I think that the CC does more good than harm on my site, so I allow it. I can’t speak for everyone else.
@Mojeek @404mediaco I tend to avoid Gargoyle, so unless I'm using Kagi it seems Reddit is off the menu!
@RupertReynolds @404mediaco kagi should still be able to access it through google
@Mojeek @404mediaco this sounds like an opportunity for blog authors to publish all the helpful tricks they’ve learned from Reddit over the years and benefit from the increased attention from search engines
@djsf @404mediaco yeah i think they might have ripped off lemmy and like... centralized it or something 🤷
@Mojeek @404mediaco initial impressions great so far, going to replace duck as my primary lets see! 🙏 how are you making money standard search ads? Its very clean and nice to use!
@implementcontrols @404mediaco API mainly, lots of demand for an index these days
@corruptian @marta That's pretty much the opposite of net neutrality.
@Mojeek very cool, its a very nice experience to use! I am glad you have found this a viable business model!
Net neutrality says ISPs cannot charge the biggest users of their lines more money.
That empowers these big users to make exclusive deals because now there are no consequences to them.
As usual, normals do not understand net neutrality, which is a legal not technical argument.
Google and Reddit are the companies the ISPs wanted to charge more.
Six big sites make up 90% of the traffic on local ISPs; the ISPs wanted to charge them more. This was rejected.
Now that they have this monopoly, these sites are going to trade on it.

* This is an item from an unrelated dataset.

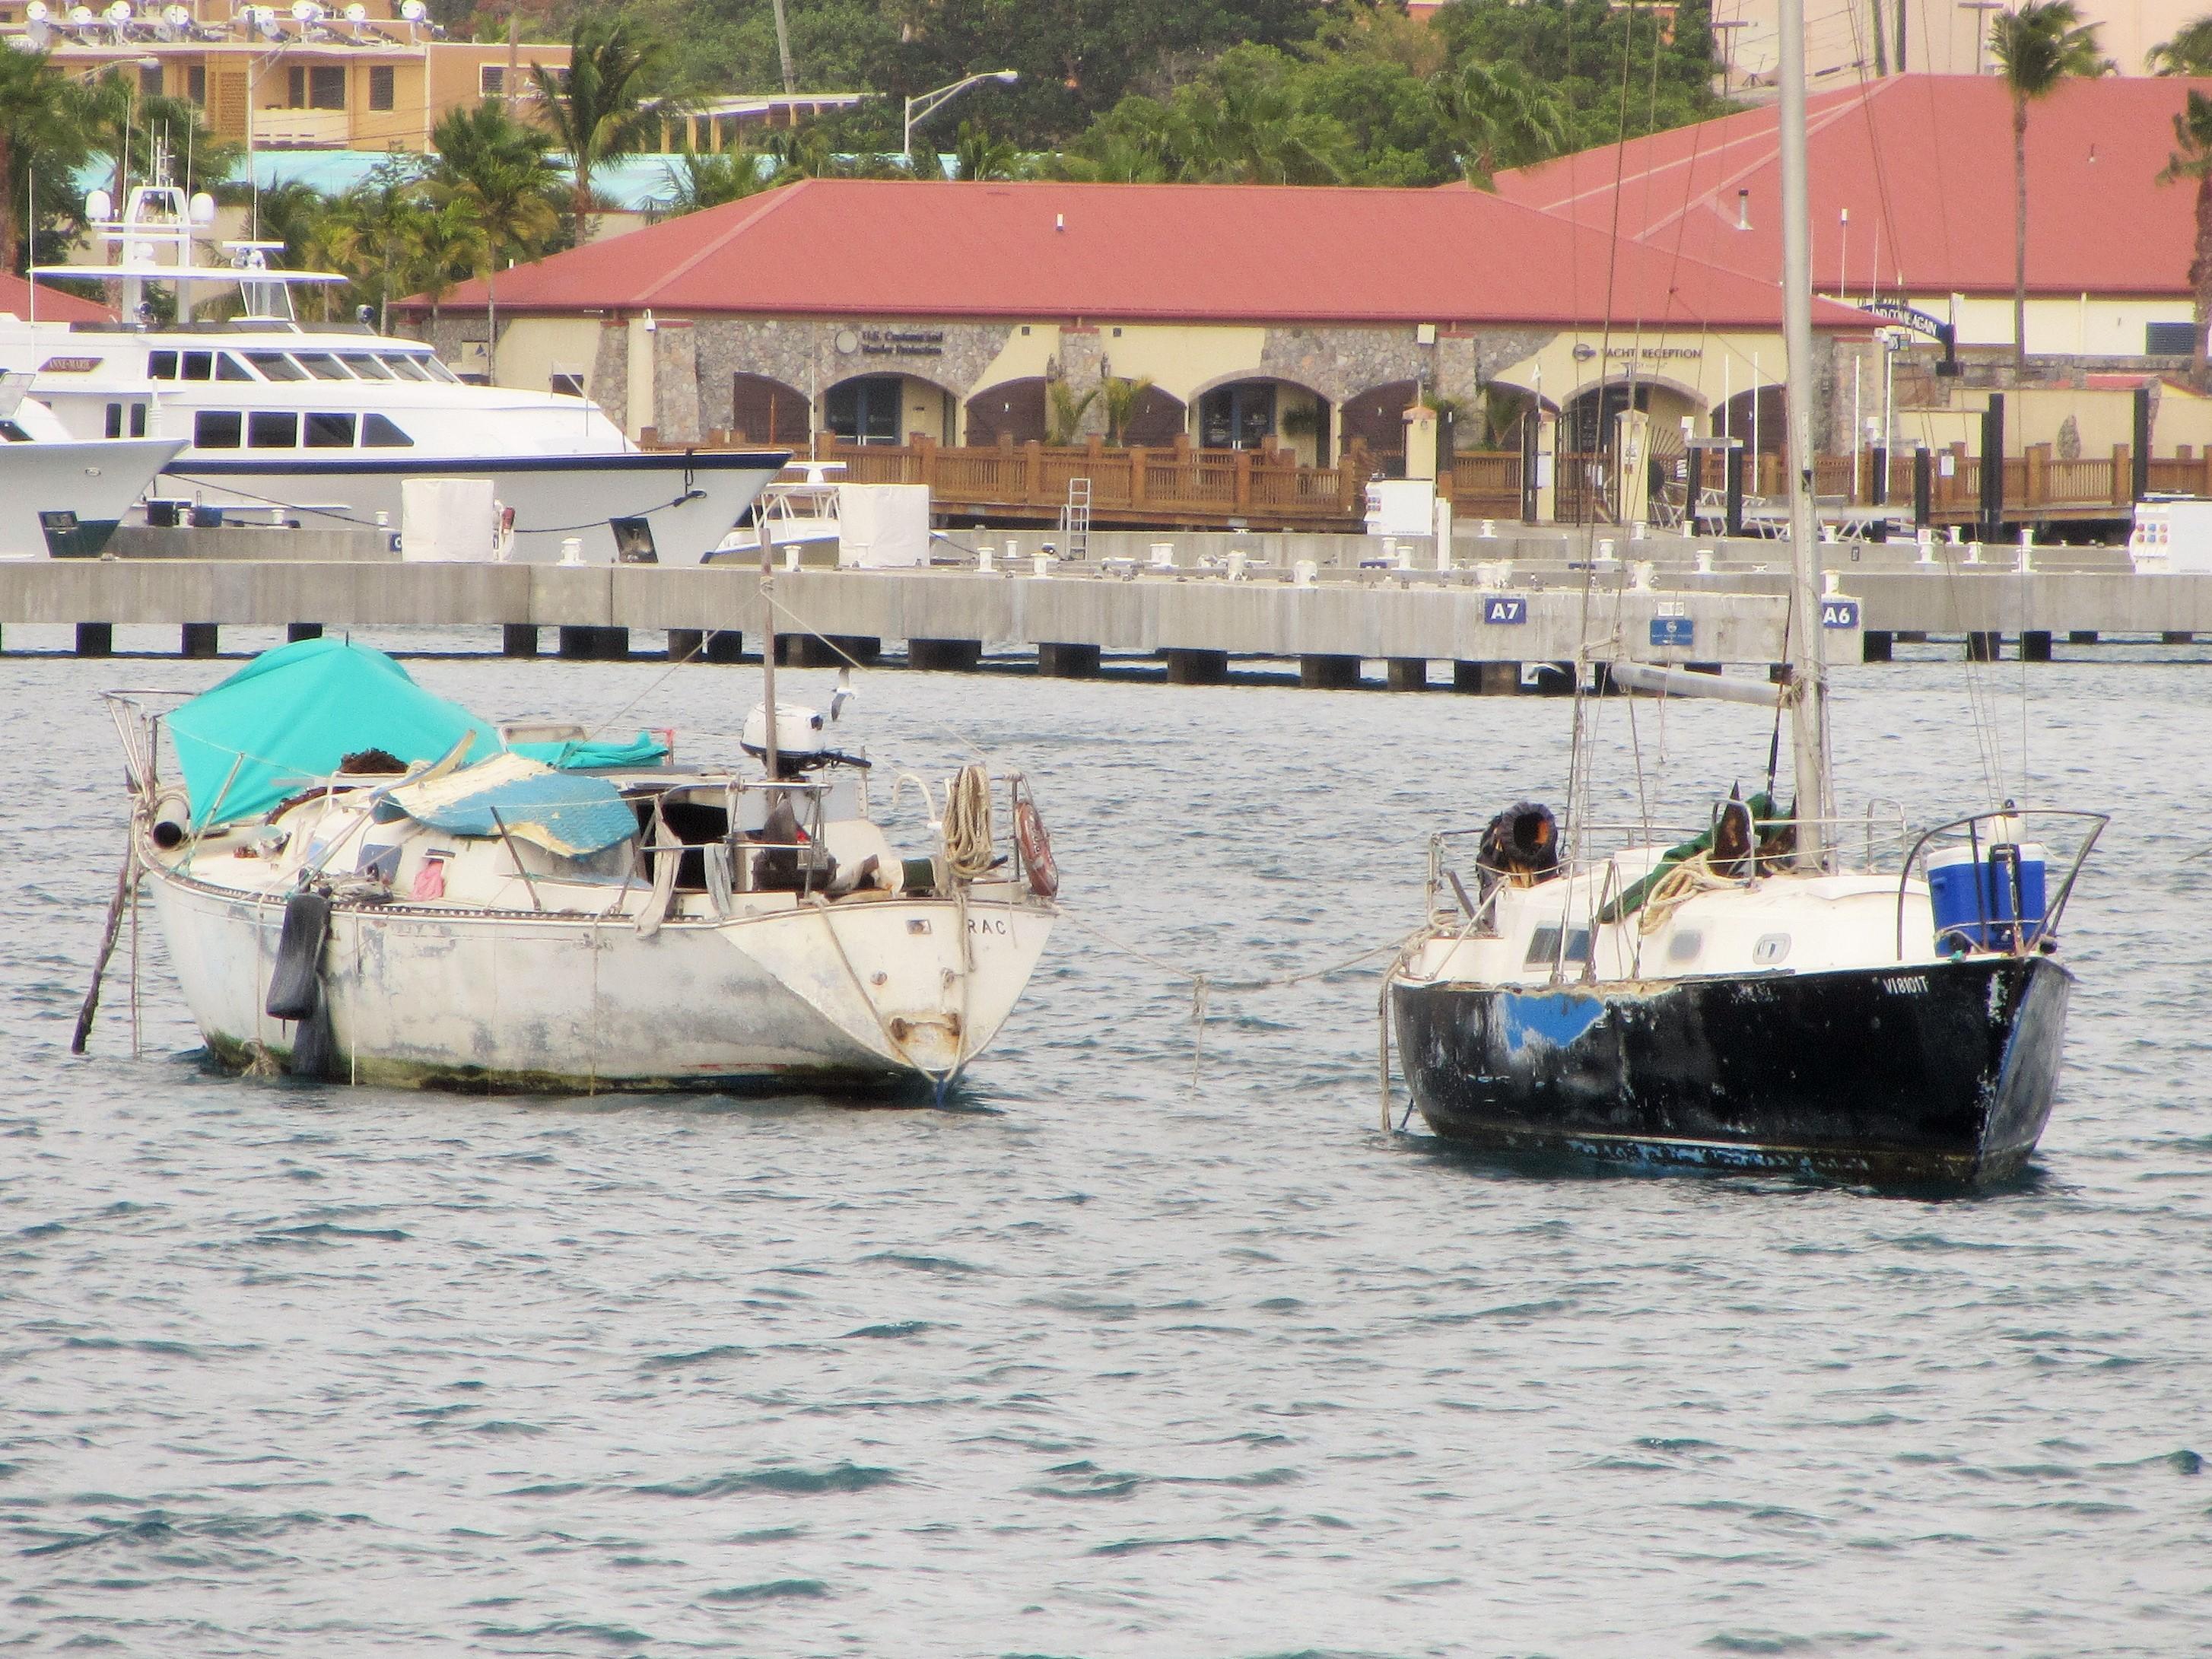 Deralic Boats

The market mechanism that would limit them was removed by government.
@iacore federated search indexing is a thing (YaCy is one attempt, but results are mixed), as is distributed crawling with a centralized search index (mwmbl).
@iacore i already thought about how to get the first “seed” links. One could start with a wikipedia export but perhaps harvesting links from public feeds from the fedi would be a more or less curated option (of course without any PI or post text, just as an input to the indexer with consent check, etc.). I don’t want to start another slashdot/digg/reddit though.